# Beginner Question



## Hiro Protagonist (Mar 16, 2007)

If I wanted to make a quick comic through use of computer applications, such as Adobe Photoshop, how would one go about doing this?  My drawing is fair enough when using my hands, but on the computer (I don't have a tablet) I find it hard to draw anything.

Does anyone have any ideas on how to go about doing this?  If I drew an image, I wouldn't have much trouble scanning it to my computer and coloring it in Photoshop.  The real trouble comes with getting it into a "Comic book" format.  Any tips on doing this are greatly appreciated


----------



## darkwolf (Jun 26, 2007)

Once you have the images, formatting it into a comic book format would be relatively easy. Create a new image that is the size of a comic book page. Now take your other images, resize them, then copy and paste them into the comic page image. Be sure to keep them in seperate layers and don't flatten the image. Use Edit>Transform>Scale to resize any of the smaller images once they're in the main comic page file.

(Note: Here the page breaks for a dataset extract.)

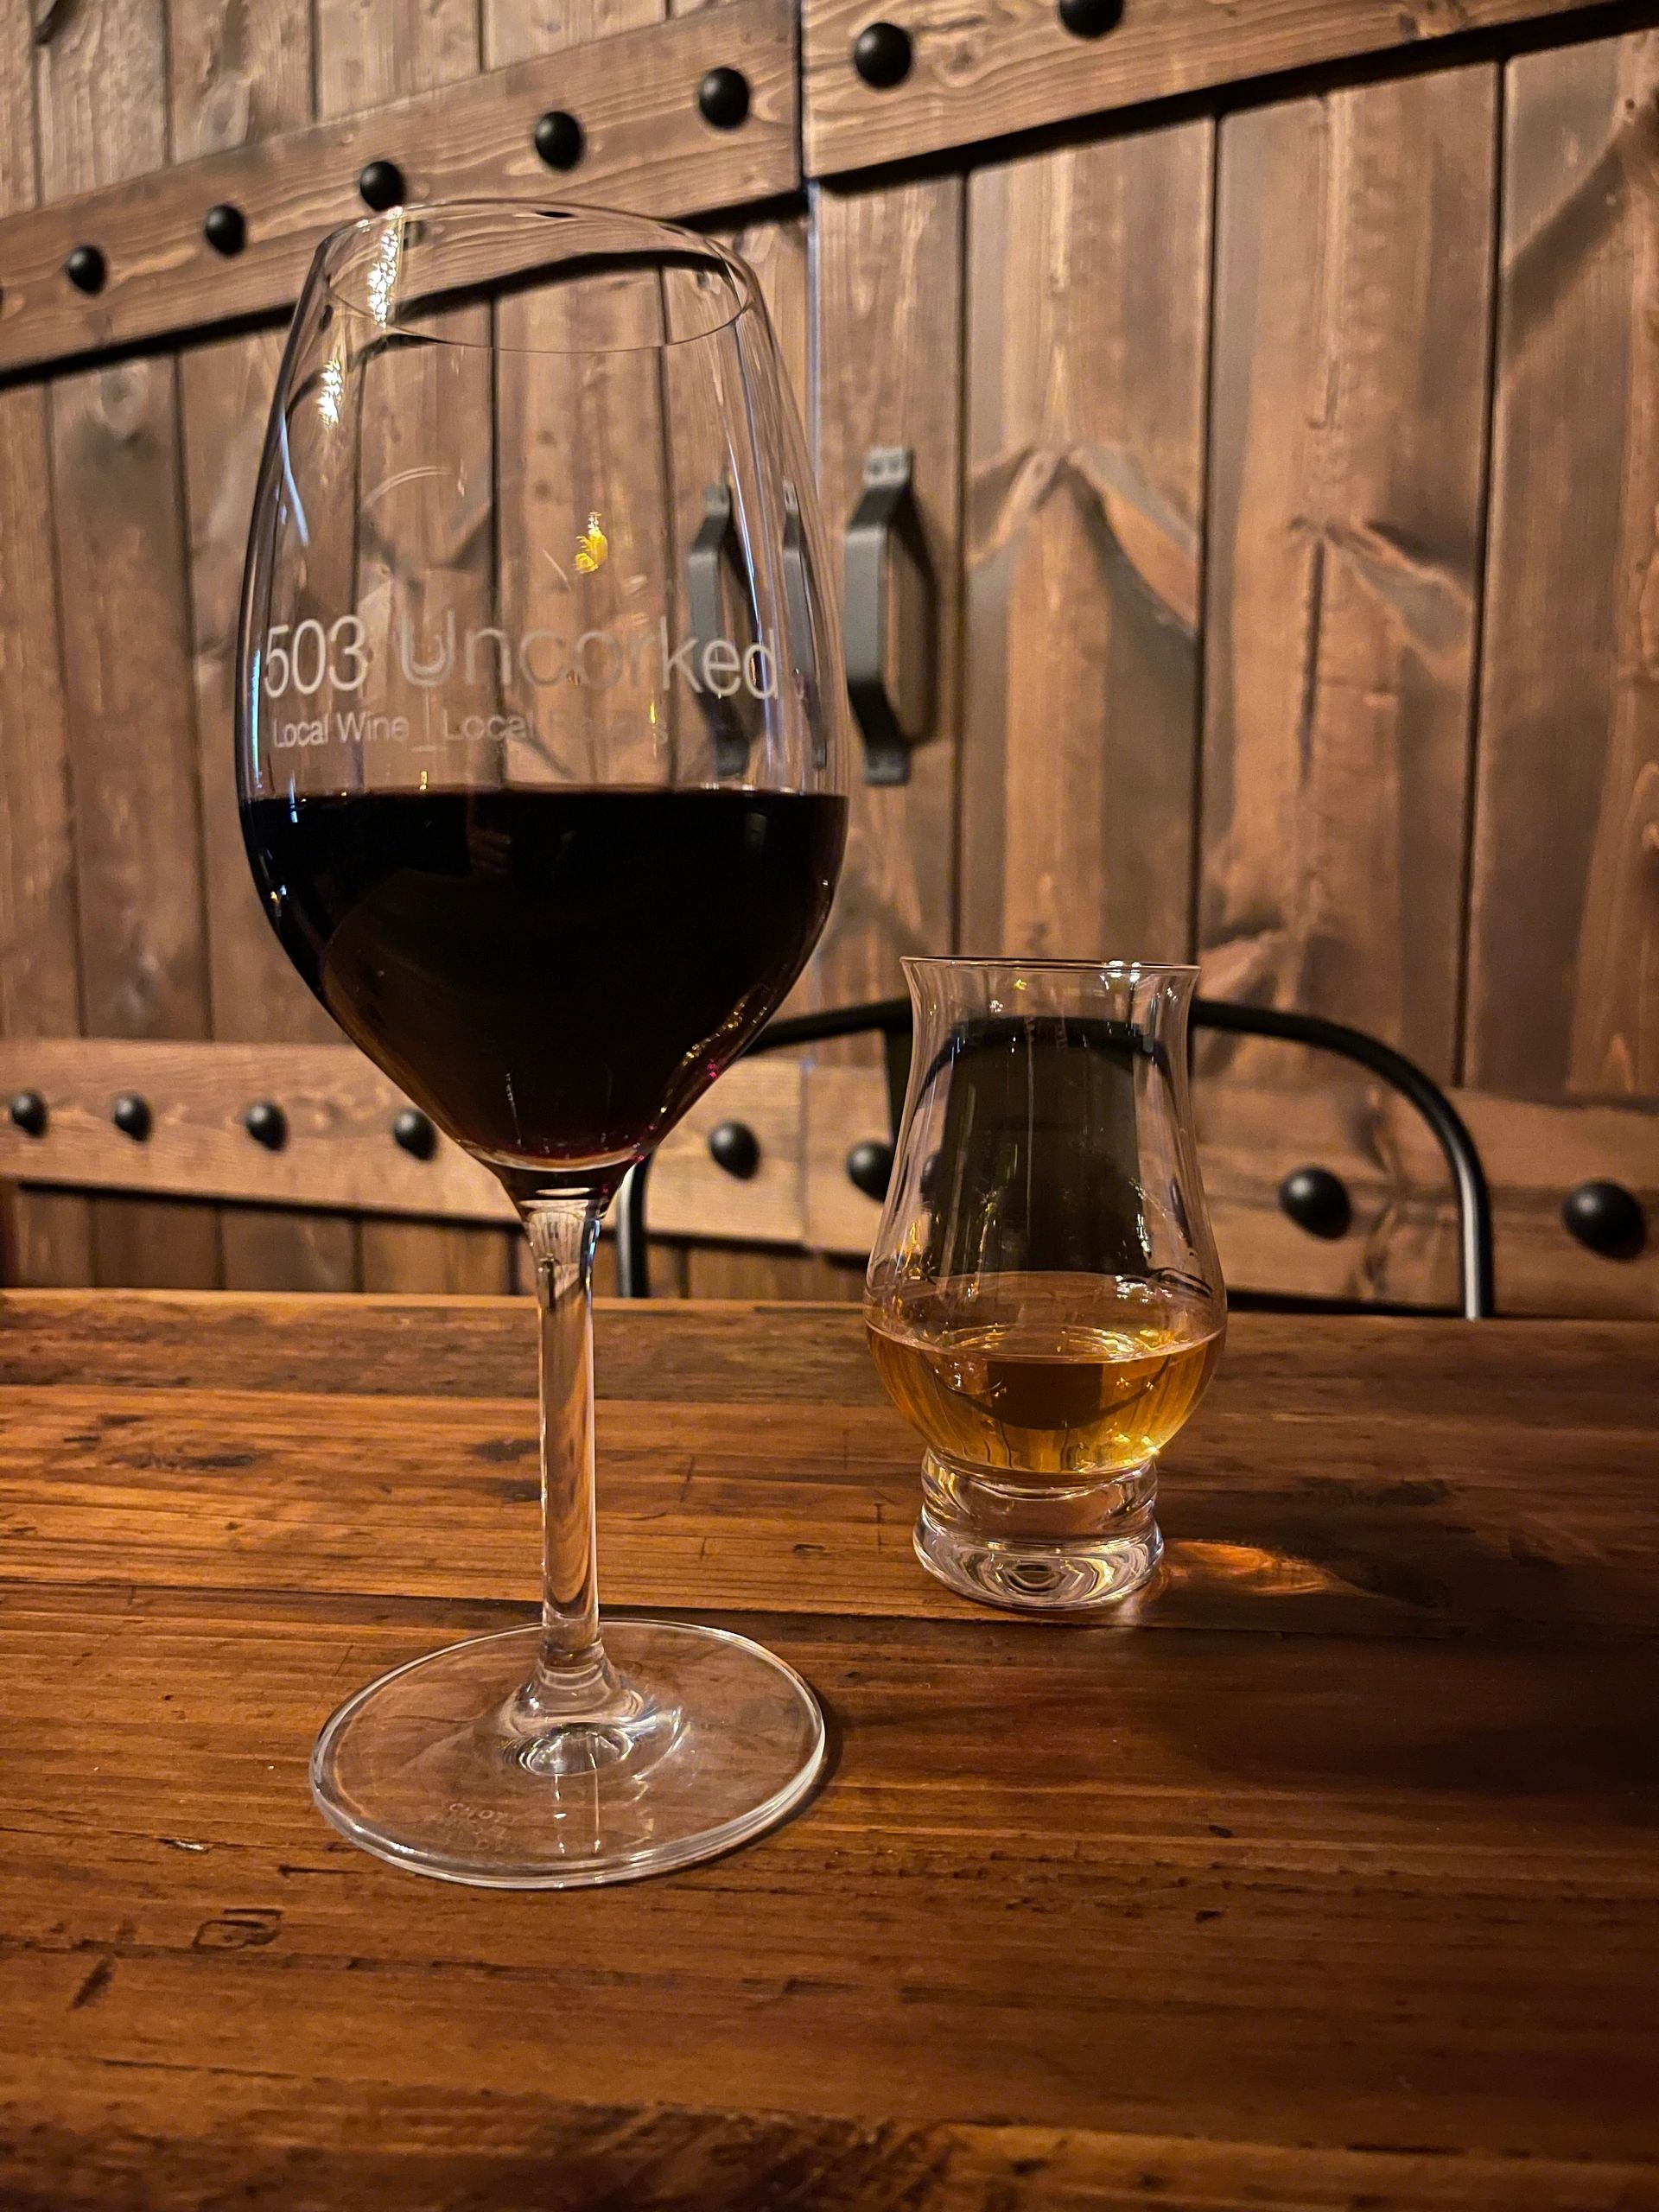 Discover local wines, craft cocktails, and delicious flavors at 503 Uncorked. Gift cards available!
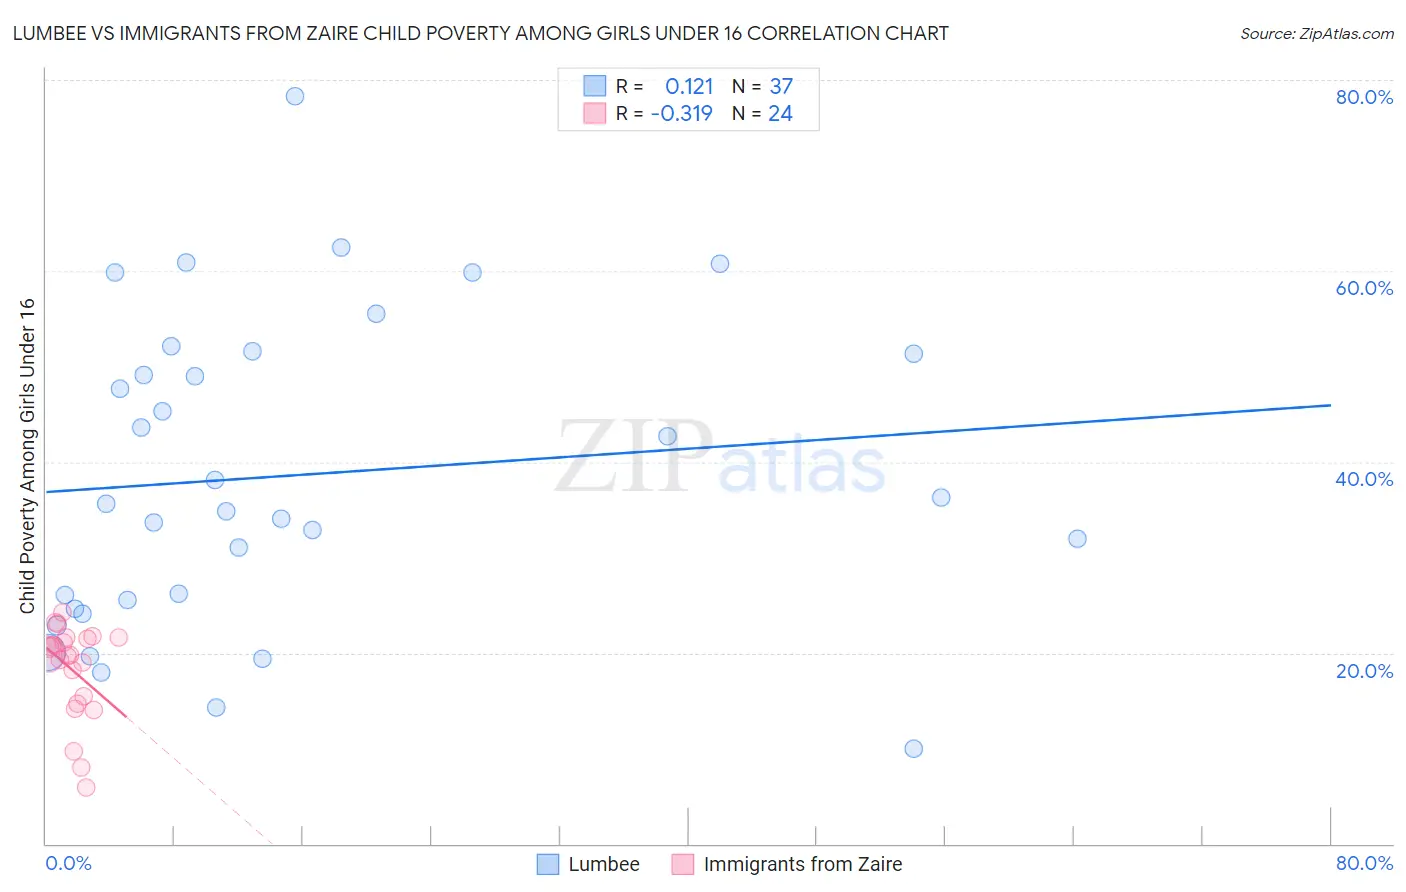 Lumbee vs Immigrants from Zaire Child Poverty Among Girls Under 16

When all of the images are in, arrange and scale them to taste - create a new layer that is on top of all of the other layers, fill it with 100% black, and then use the polygon lasso tool or the marquee selection tools to cut out shapes in the black layer to reveal your individual images.

You can create speech bubbles using the custom shape tool and then add your text in over the bubbles. Viola! Comic page complete.

Good luck!
Darkwolf


----------